When installing a new AV program (or any software), watch out for options to enable trials, change default browser settings, or install additional software. Use the "Custom Installation" options and simply leave settings with their default values if you don't understand them (or better yet, google it and figure out what it is!)
Always tour the software by clicking on the options, exploring the settings, checking the account info, etc. There's very little risk that you will somehow "break" the software just by using it, and there's almost always a couple options you can enable/disable to make the software much better for you.
Debunking Some Myths
Android/iOS/Macs/Linux can't get viruses
False. While a computer "virus" has a strict definition, and there's very little evidence that these viruses exist on mobile platforms, there is certainly malicious programs that infect these devices. See Malware for iOS, 44 Android apps infected with malware, Mac virus blog, and "Is Linux Immune to Viruses?".
Windows Defender is all you need
Maybe. As discussed above, different users will find different levels of security more appropriate. Windows defender, or any device's built-in security, could be enough. It entirely depends on how the system is being used and what data is on it.
"I'm an advanced user, I know how to avoid getting malware"
Empirically, false. Advanced users are more likely to bypass security measures in order to run software that could be malicious. Whether it's running unsigned applications as privileged, using unverified freeware/pirated software, running in higher privileged modes, or simply ignoring security warnings and not running AV at all "because I know better", advanced users are totally susceptible to getting malware. The difference is only in how they get it.
Virus writers don't target Linux due to low market share
False. While Linux doesn't have a large market share on desktops, it's the opposite when looking at server or mobile platforms. These systems are constantly battling new malware that can certainly end up on your desktop Linux machine.
The average user is storing personally sensitive information on their system. If you're storing sensitive government, company, or client information, a higher level of security is needed than what's recommended below.
Bitdefender Antivirus Free Edition and Panda Free Antivirus have a good track record for being lightweight and effective.
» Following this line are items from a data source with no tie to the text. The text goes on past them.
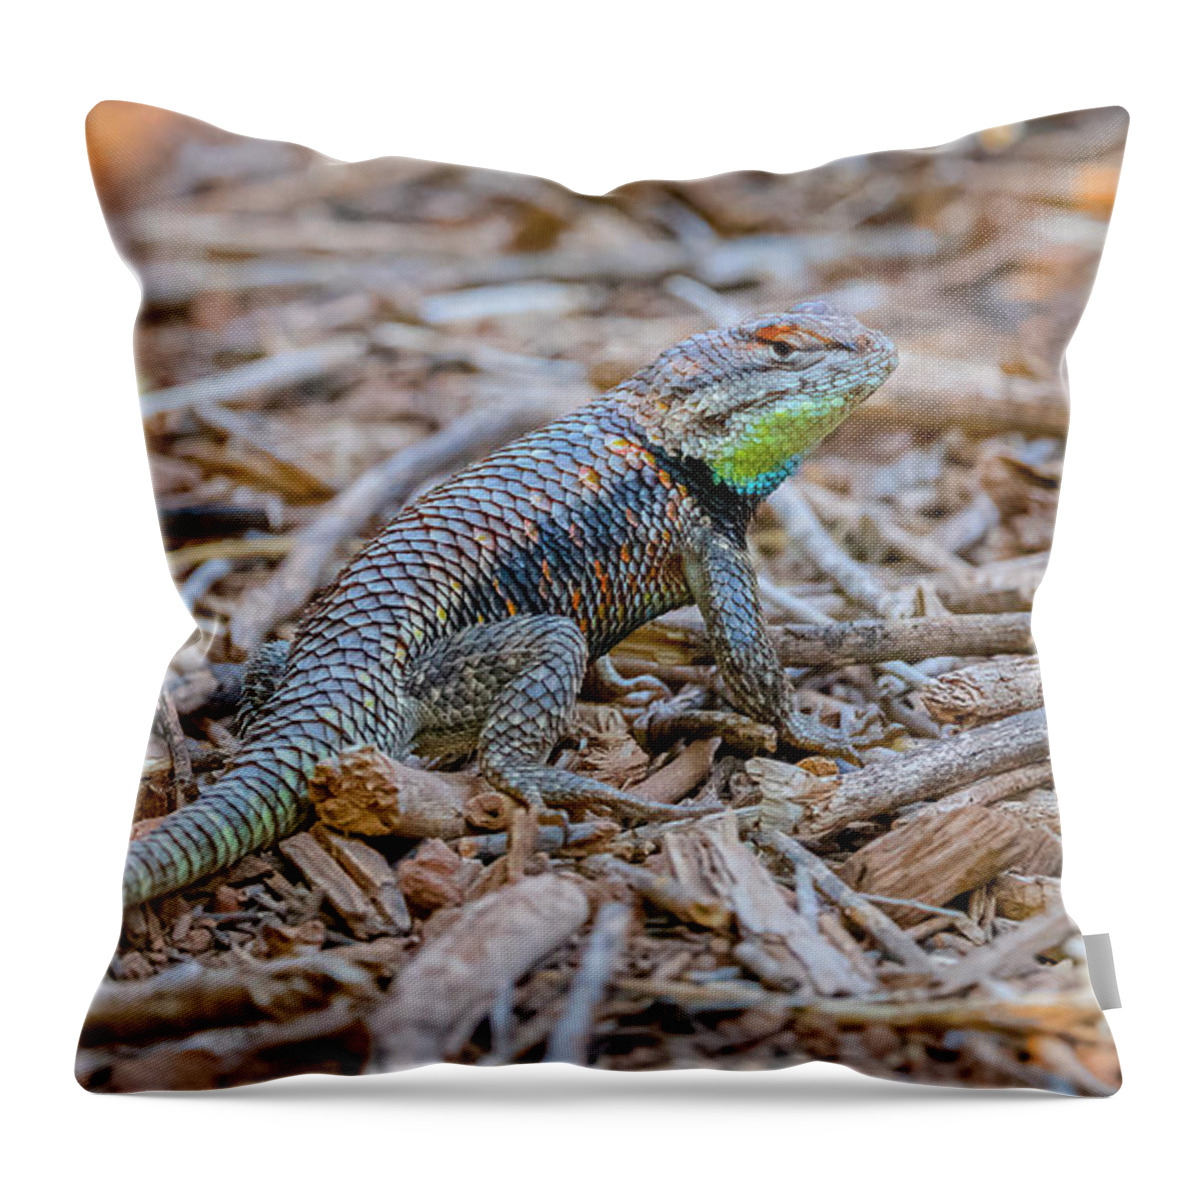 Desert Spiny Lizard Throw Pillow featuring the photograph Desert Spiny Lizard by Morris Finkelstein
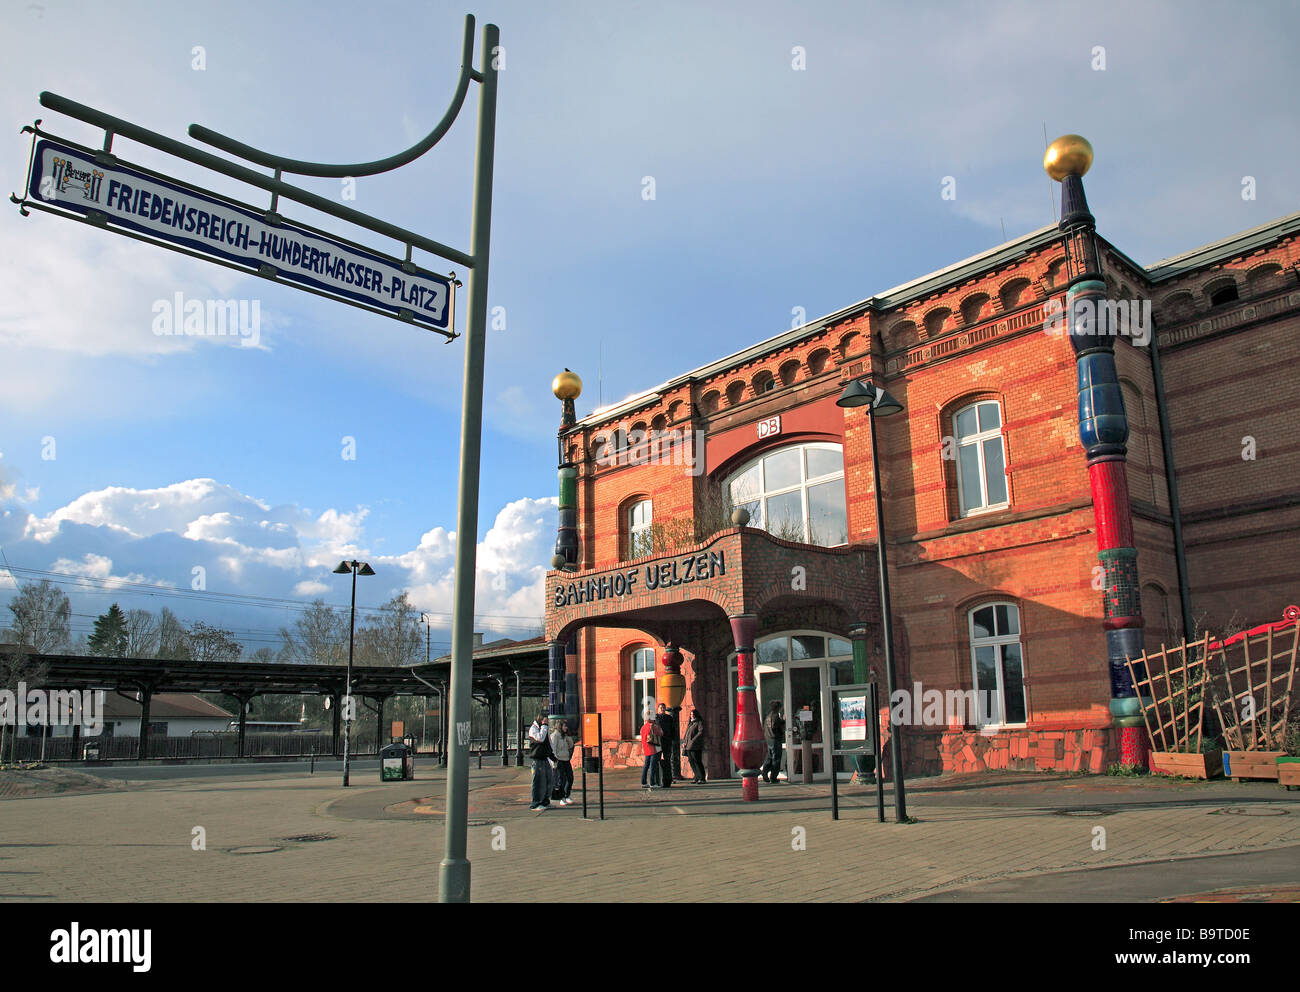 der Bahnhof Uelzen, entworfen von Friedensreich Hundertwasser-Niedersachsen-Deutschland Stockfoto
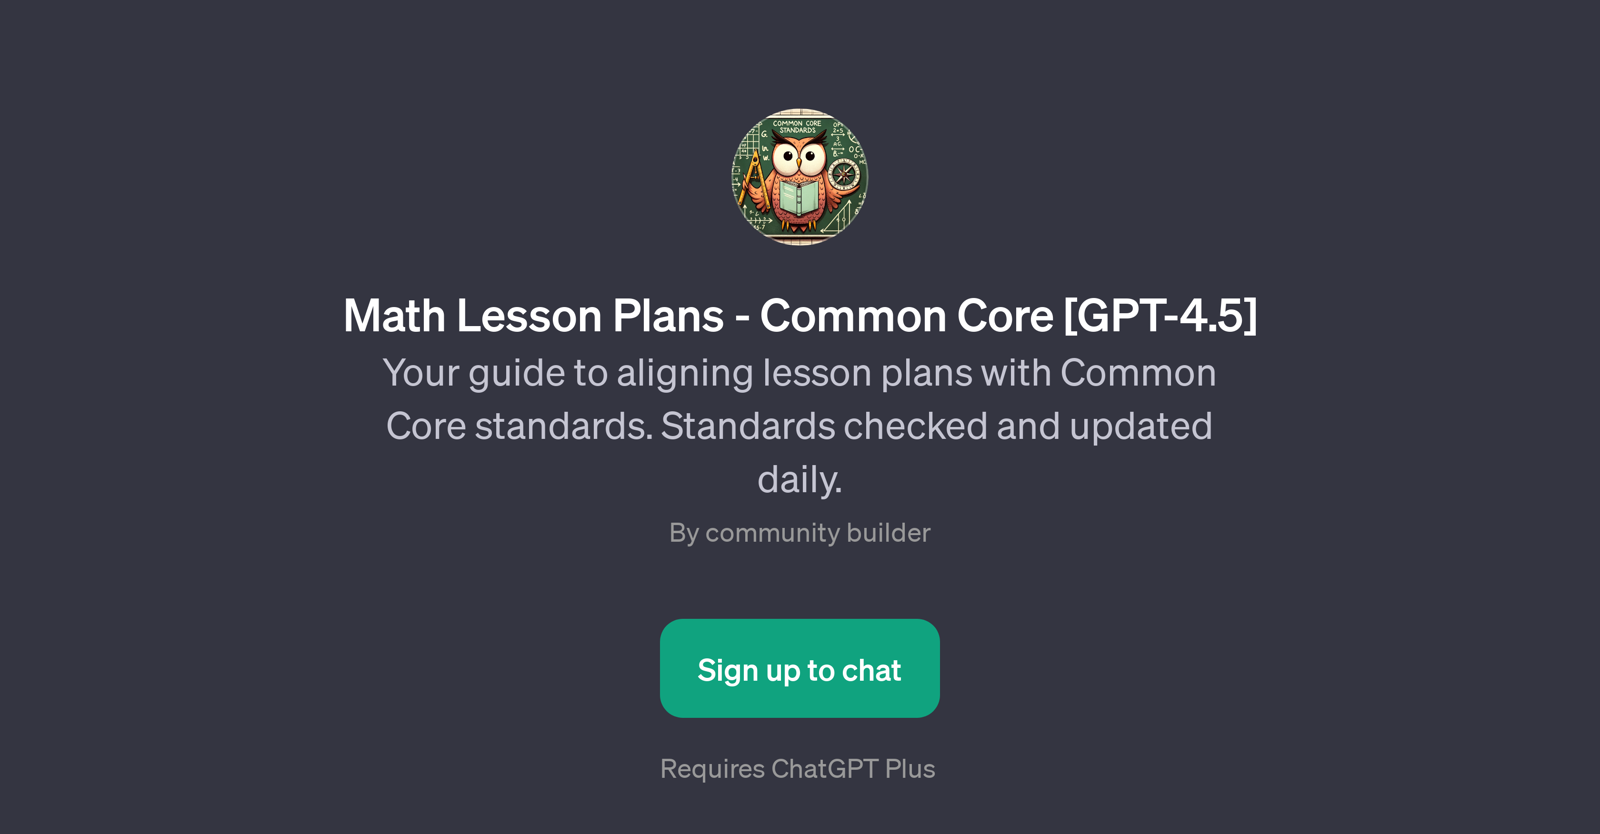 Math Lesson Plans - Common Core [GPT-4.5] website

They are not comprehensive security solutions, but add basic antivirus protection with minimal impact on system resources. I'm starting to lean more towards bitdefender these days due to Panda's UI changes and ads.
Hopefully this post is more than the generic "run a free AV + Malwarebytes" advice that you could've gotten anywhere else. Actually understanding what your AV is doing is sometimes more important than running one, and this post was an attempt at education rather than advertisement.